Now I’m pretty sure that Pearl’s response would be that the solution to this isn’t to avoid discussing causation, but to make it explicit. That is to say “A causal claim is being made here, let’s explicitly discuss that and the evidence for it.” He even (although only once, and in passing) countenances establishing tiers of evidence for causal effects: randomized trials, from observational data, etc.

And I’m generally sympathetic to “Let’s be honest about what we think is going on.” even after accounting for “But human’s have a horrible tendency to run away with an idea.” And it might be worthwhile to produce a somewhat more formalized framework for discussing causal claims. But the discussion sections of paper do, in fact, often it clear what the authors think the causal relations are. These are not stated elsewhere precisely because the evidence for them is weak.

I think that what Pearl perceives as hostility to causation on the part of statistics can be reasonably attributed to caution. Statistics suffers from an over-abundance of this, partly due to statistician’s unwillingness (or lack of time) to really get involved with a subject. This leads us to be rather scared of writing down anything but the weakest models, and it certainly leads us to be highly skeptical of causal statements where the do-calculus (ie, performing an intervention) hasn’t been physically instantiated in an experiment. That attitude is a hindrance, but it’s also born of a century of experience of poor replicability and bad scientific consequences. Even the more-often accepted Rudin analysis has a “no hidden confounders” assumption that many (myself included) find hard to swallow.

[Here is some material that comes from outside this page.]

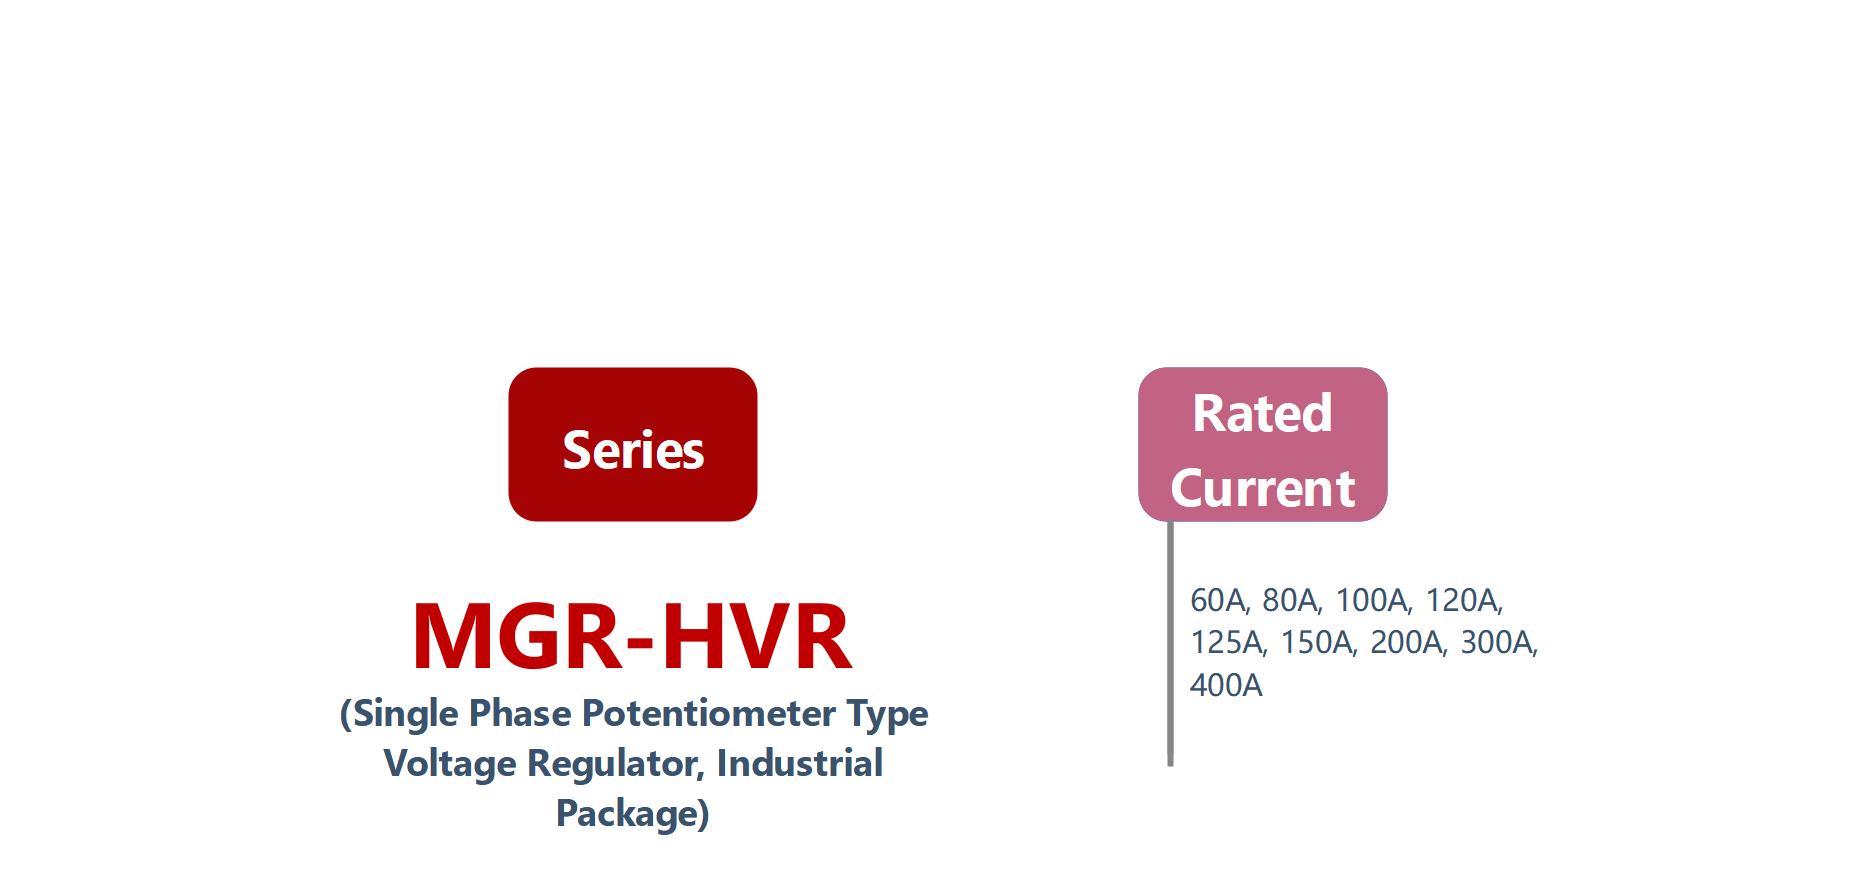 How to order MGR-HVR Series Voltage Power Regulator

Now I agree with Pearl that statisticians are far too scared of writing down a model. One doesn’t have to be Bayesian to say “Let’s start with writing down what I think I know and see how that agrees with the data” — we do that in sample size calculations already. But I’m really not persuaded that sticking with linear models or categorical relationships is the way to do this. One thing that Pearl leaves out of this book is mechanism: how, physically, does this effect take place? (Ok, this comes up as mediation, but in a quite different context) More importantly, can I transfer this understanding to a different system? Without this sort of understanding — and that’s very difficult — causality has relatively limited uses. But Pearls’ observation-based and rather pat models don’t really get us anything like that.

So do read The Book of Why; it is a set of ideas that you should know about, at least informally, and it is useful to think about more than just phenomenological correlation. But then also go and read some physics, or some mathematical biology as well. Statisticians need a really good dose of both.